* **THE TASK**
Beginning at the line containing "Women's Jumpsuits &", give again every line through the end of the data, unchanged and with both ends included. Drop any pictures.

* **COLLECTED MATERIAL**
------------------------------

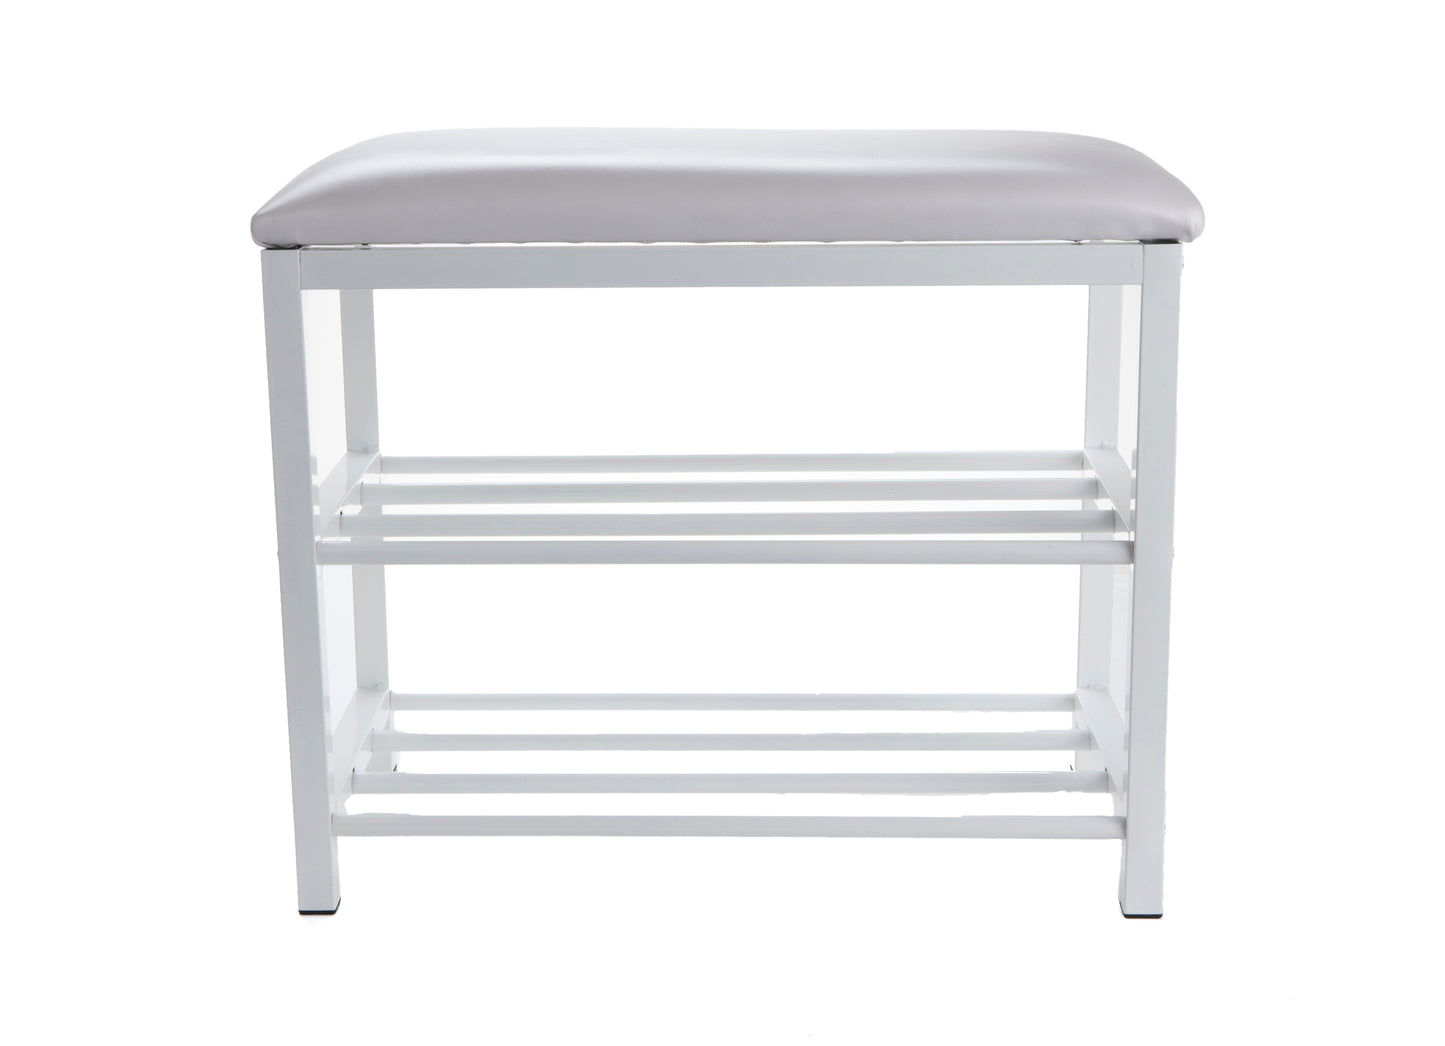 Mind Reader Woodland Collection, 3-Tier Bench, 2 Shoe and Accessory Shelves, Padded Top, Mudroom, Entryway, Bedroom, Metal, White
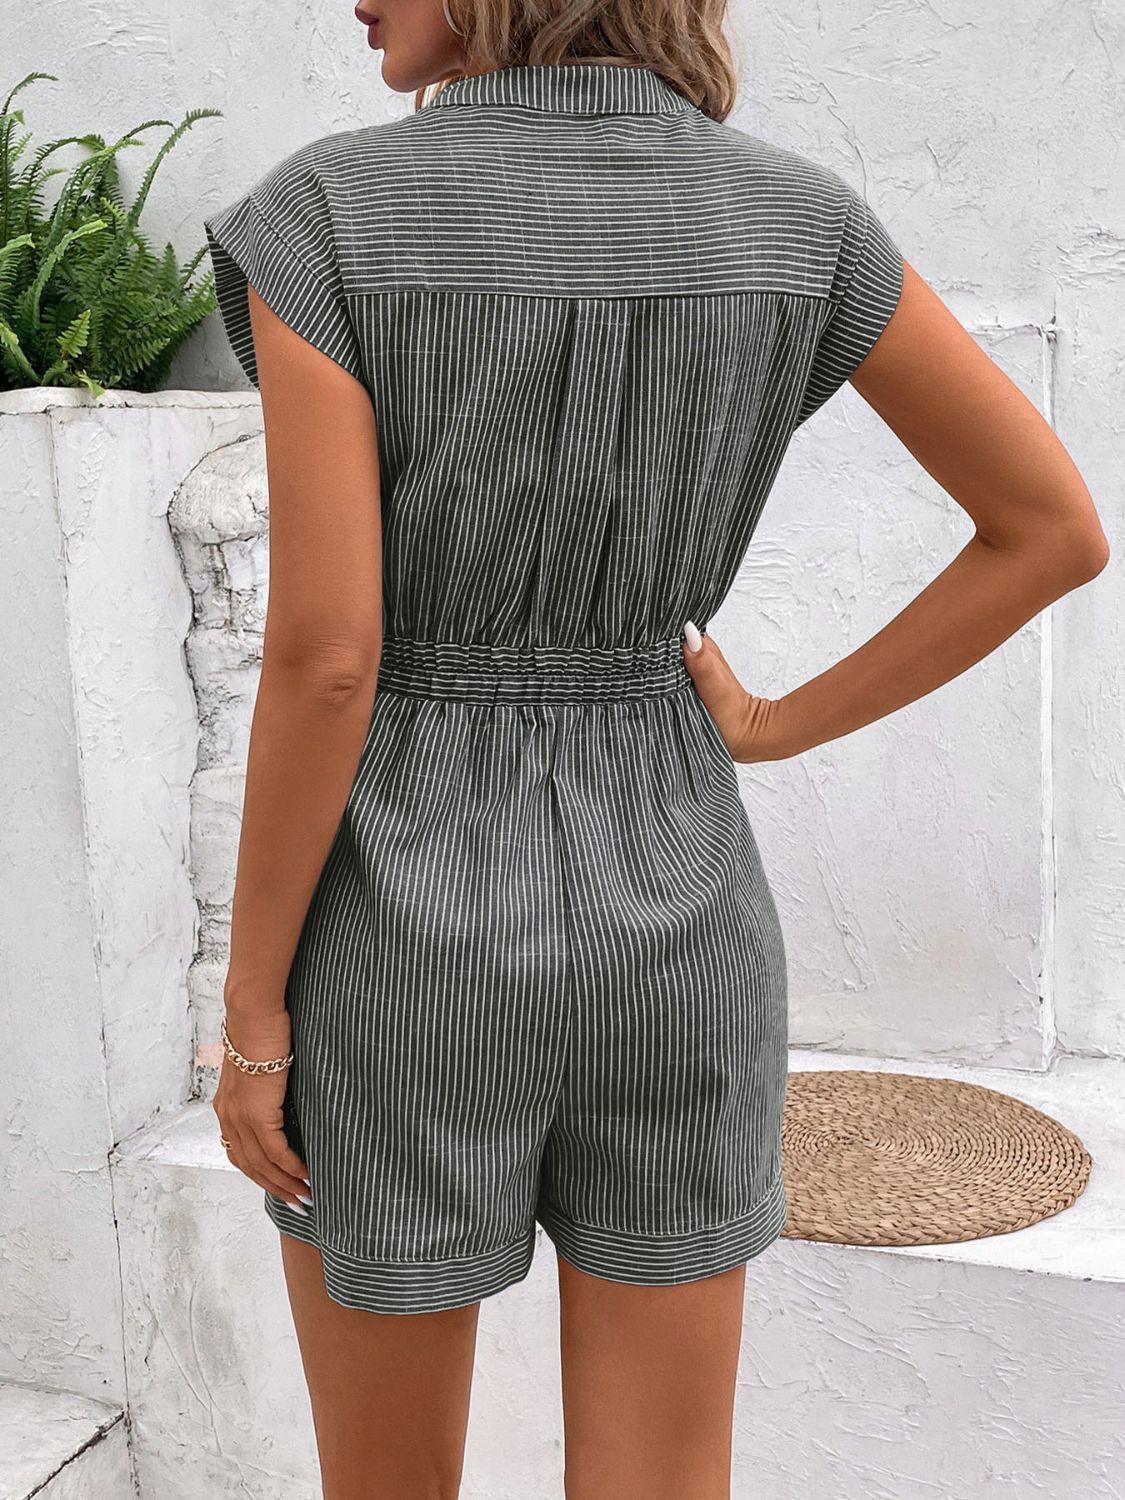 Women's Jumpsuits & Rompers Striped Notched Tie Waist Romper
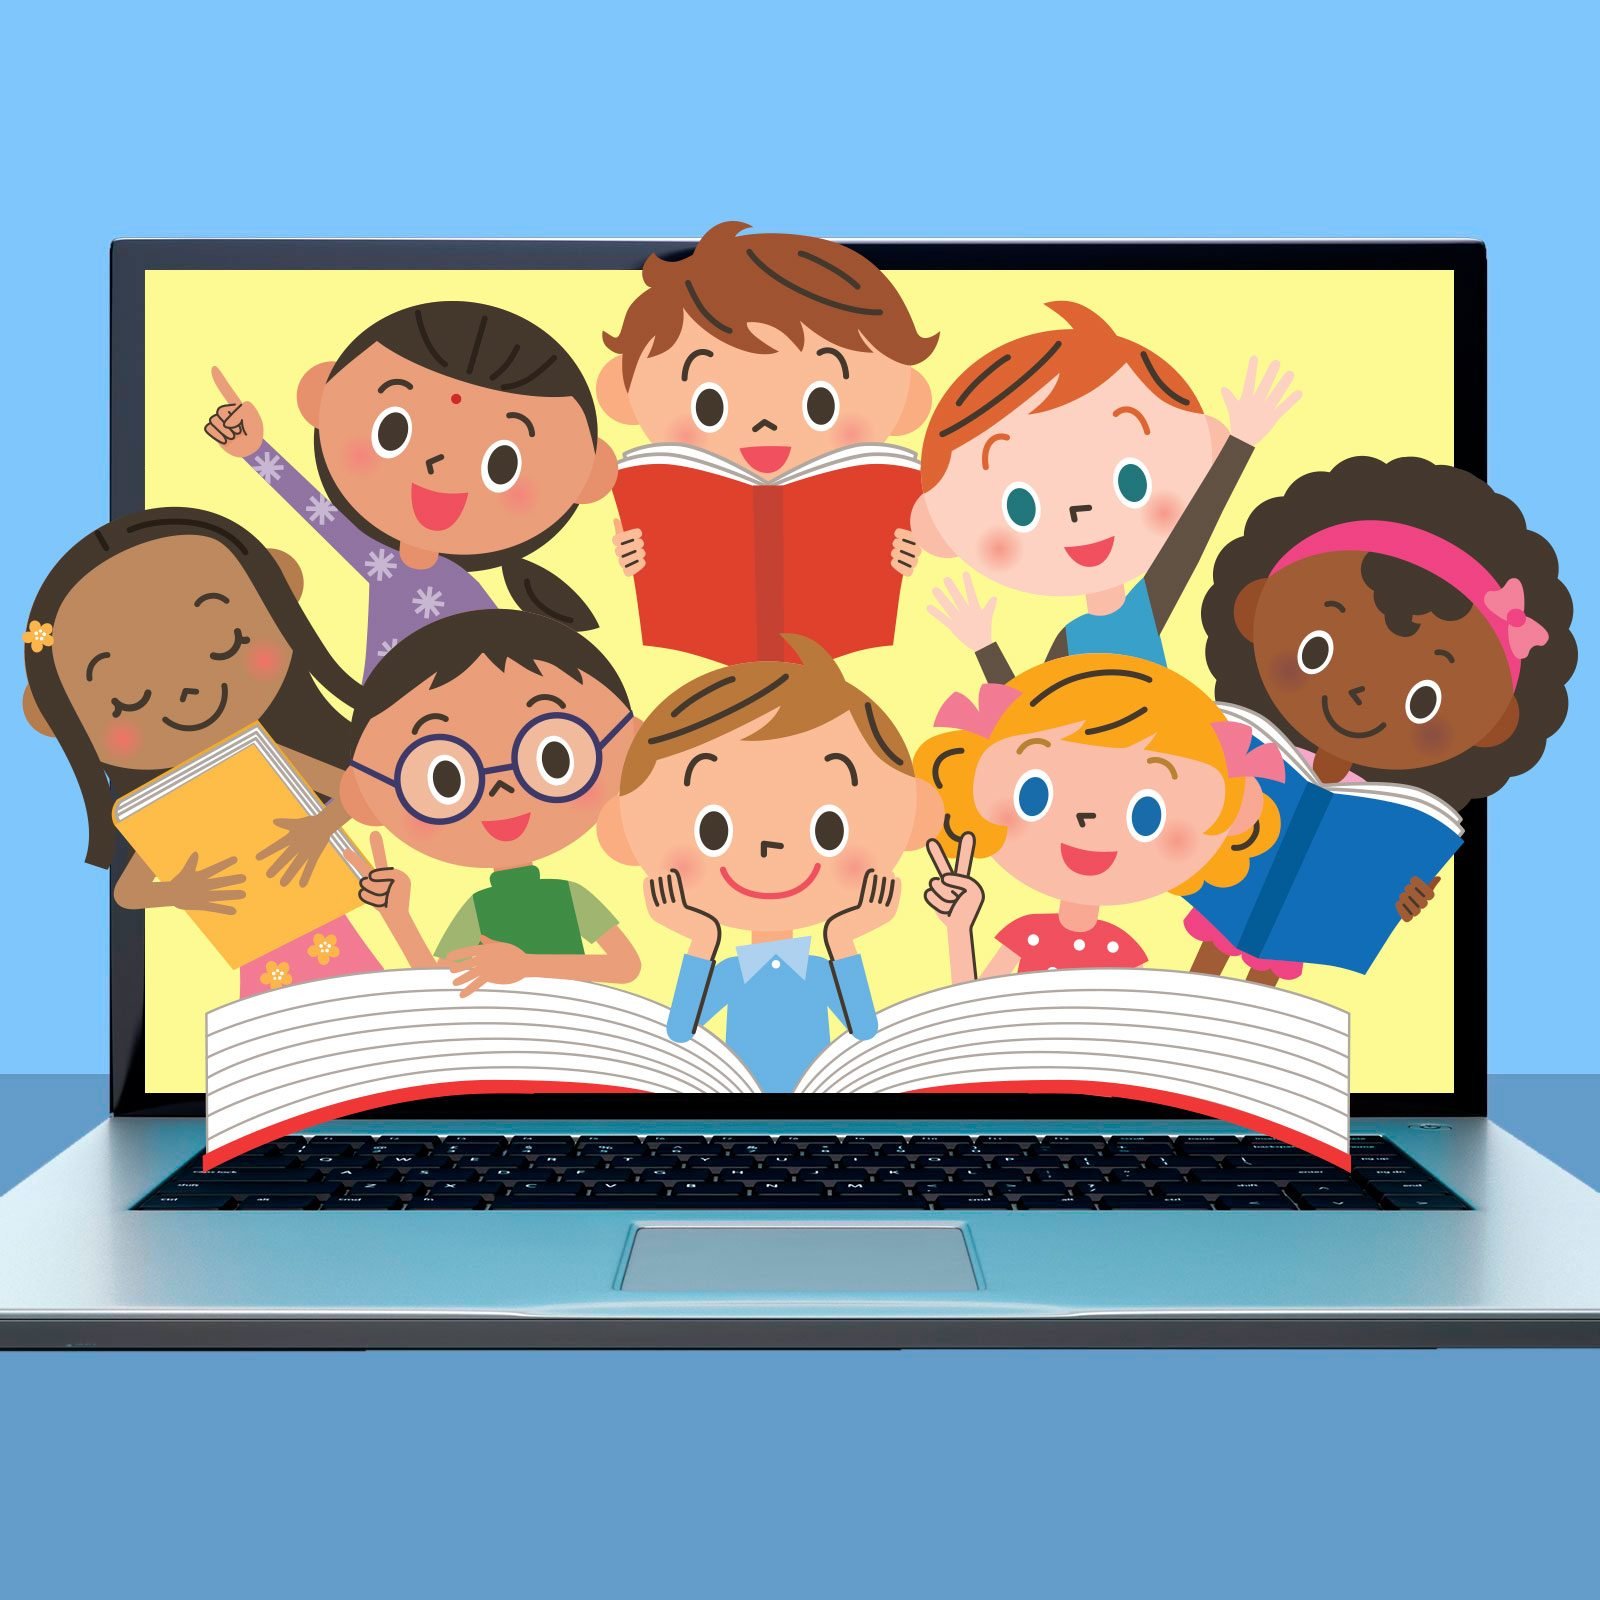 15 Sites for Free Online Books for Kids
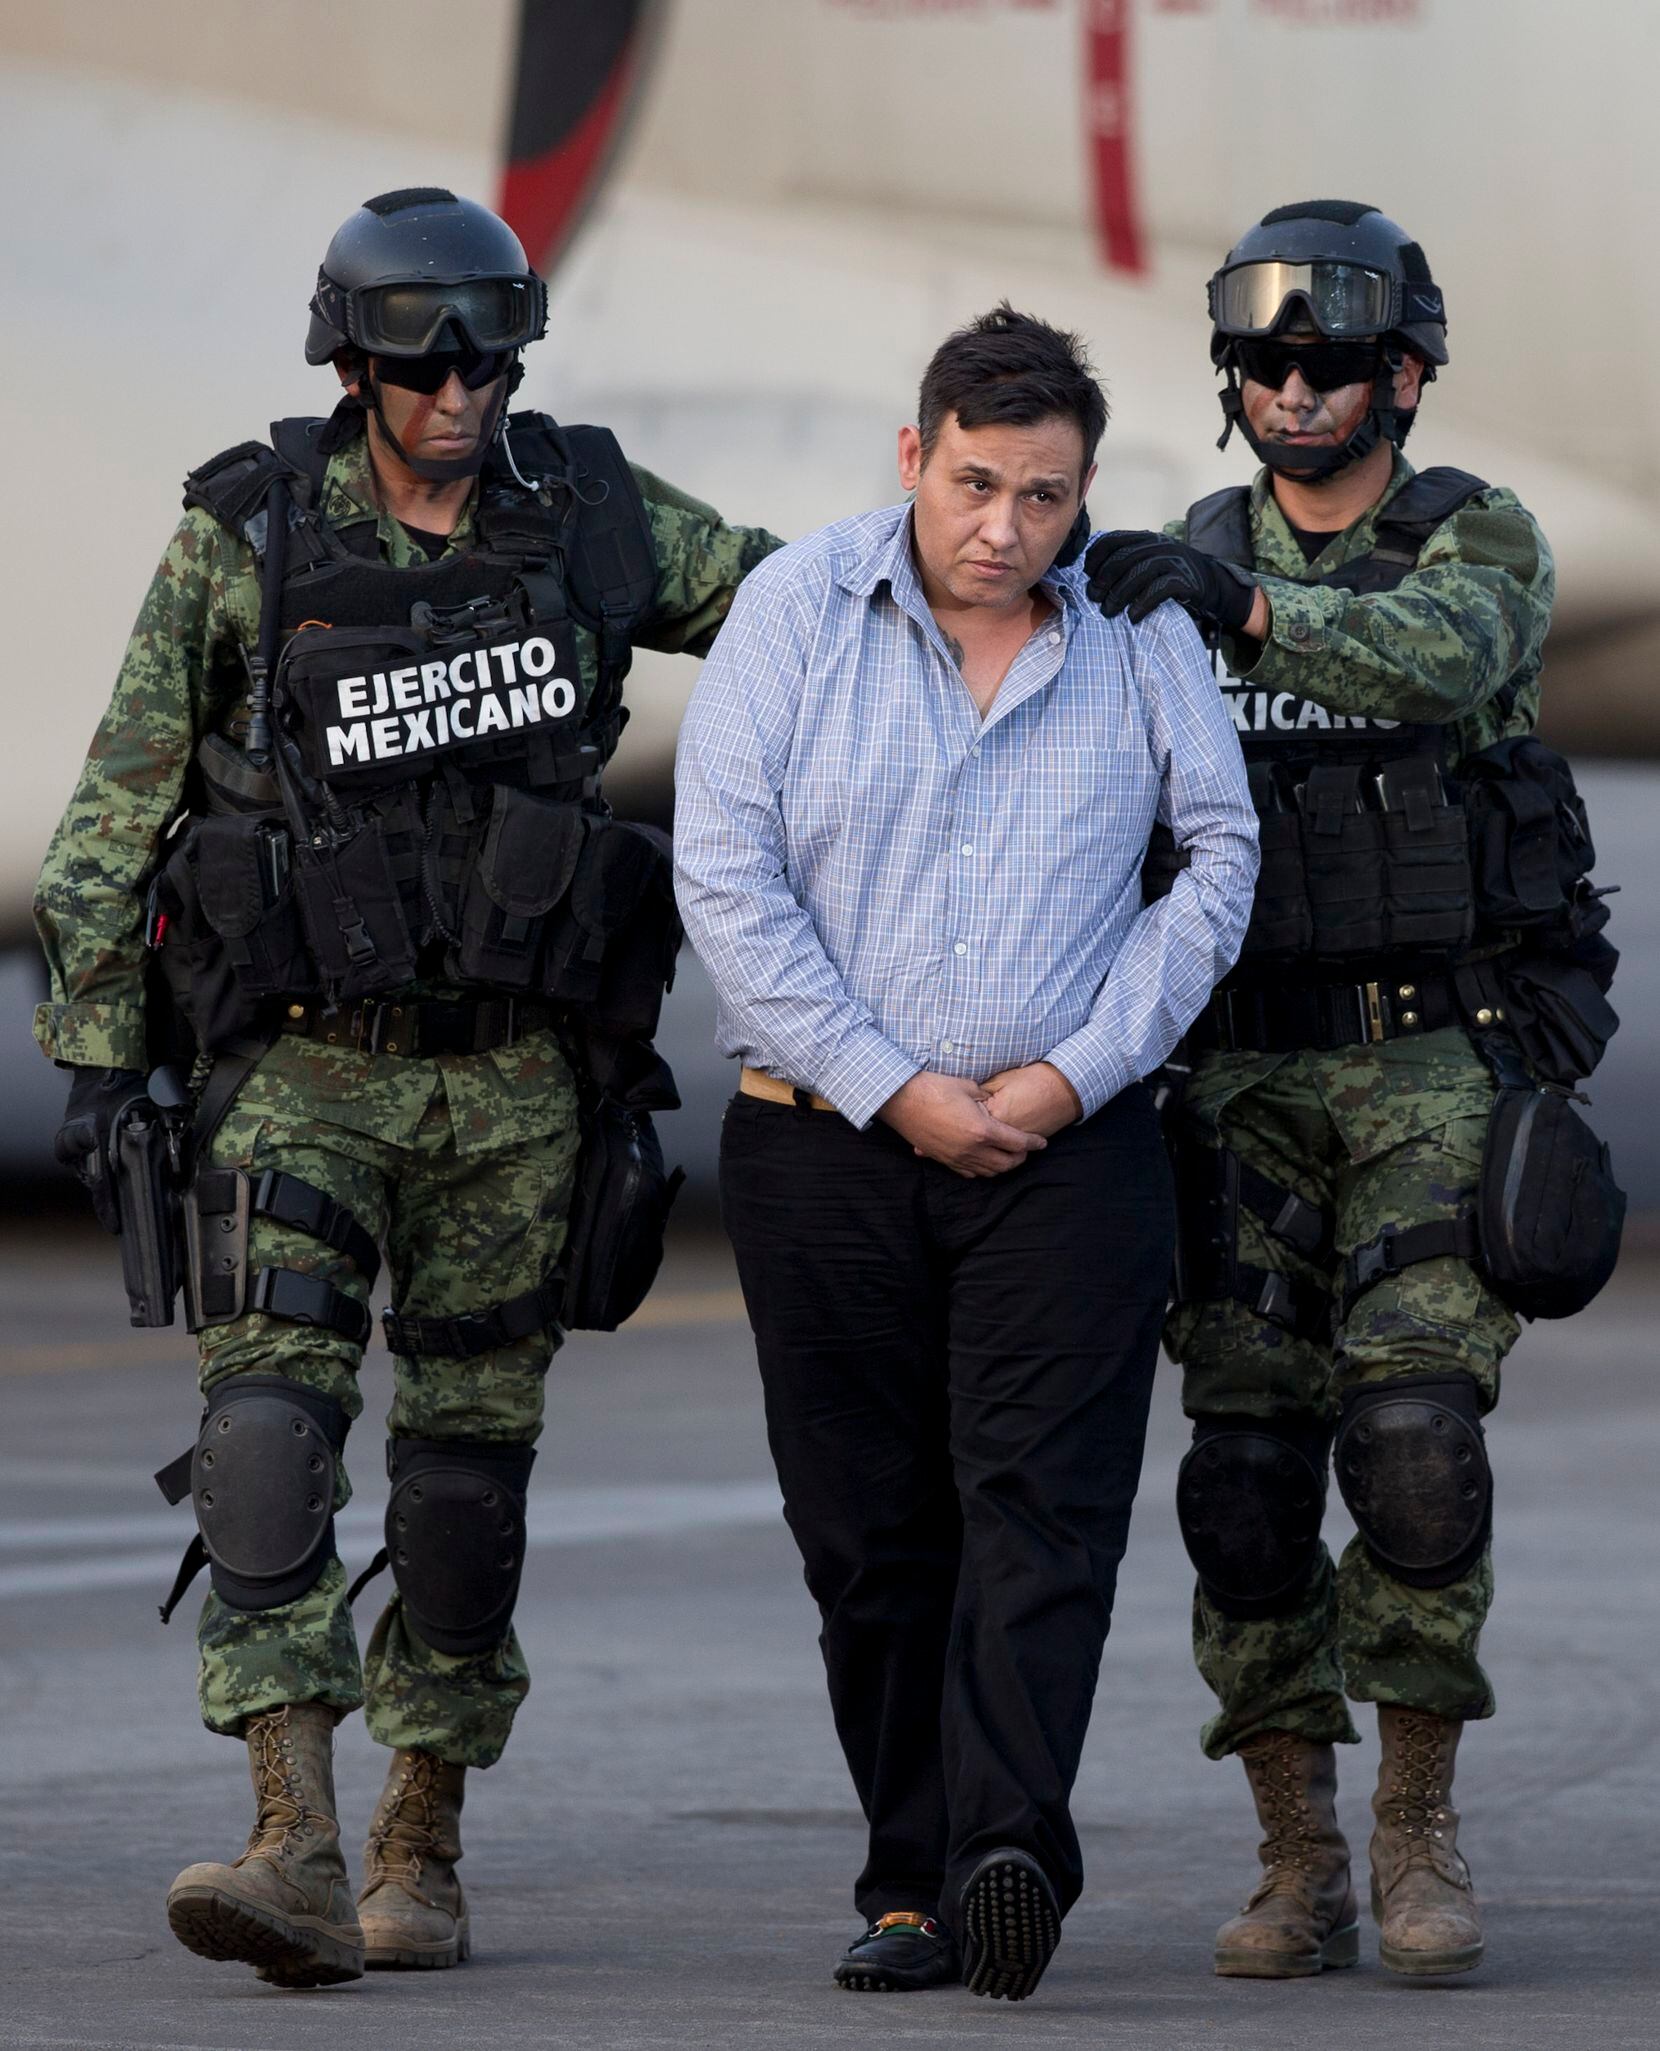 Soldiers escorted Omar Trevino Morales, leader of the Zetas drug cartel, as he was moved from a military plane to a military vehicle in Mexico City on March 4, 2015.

------------------------------

* **YOUR RESPONSE**
 Women's Jumpsuits & Rompers Striped Notched Tie Waist Romper
 15 Sites for Free Online Books for Kids
 Soldiers escorted Omar Trevino Morales, leader of the Zetas drug cartel, as he was moved from a military plane to a military vehicle in Mexico City on March 4, 2015.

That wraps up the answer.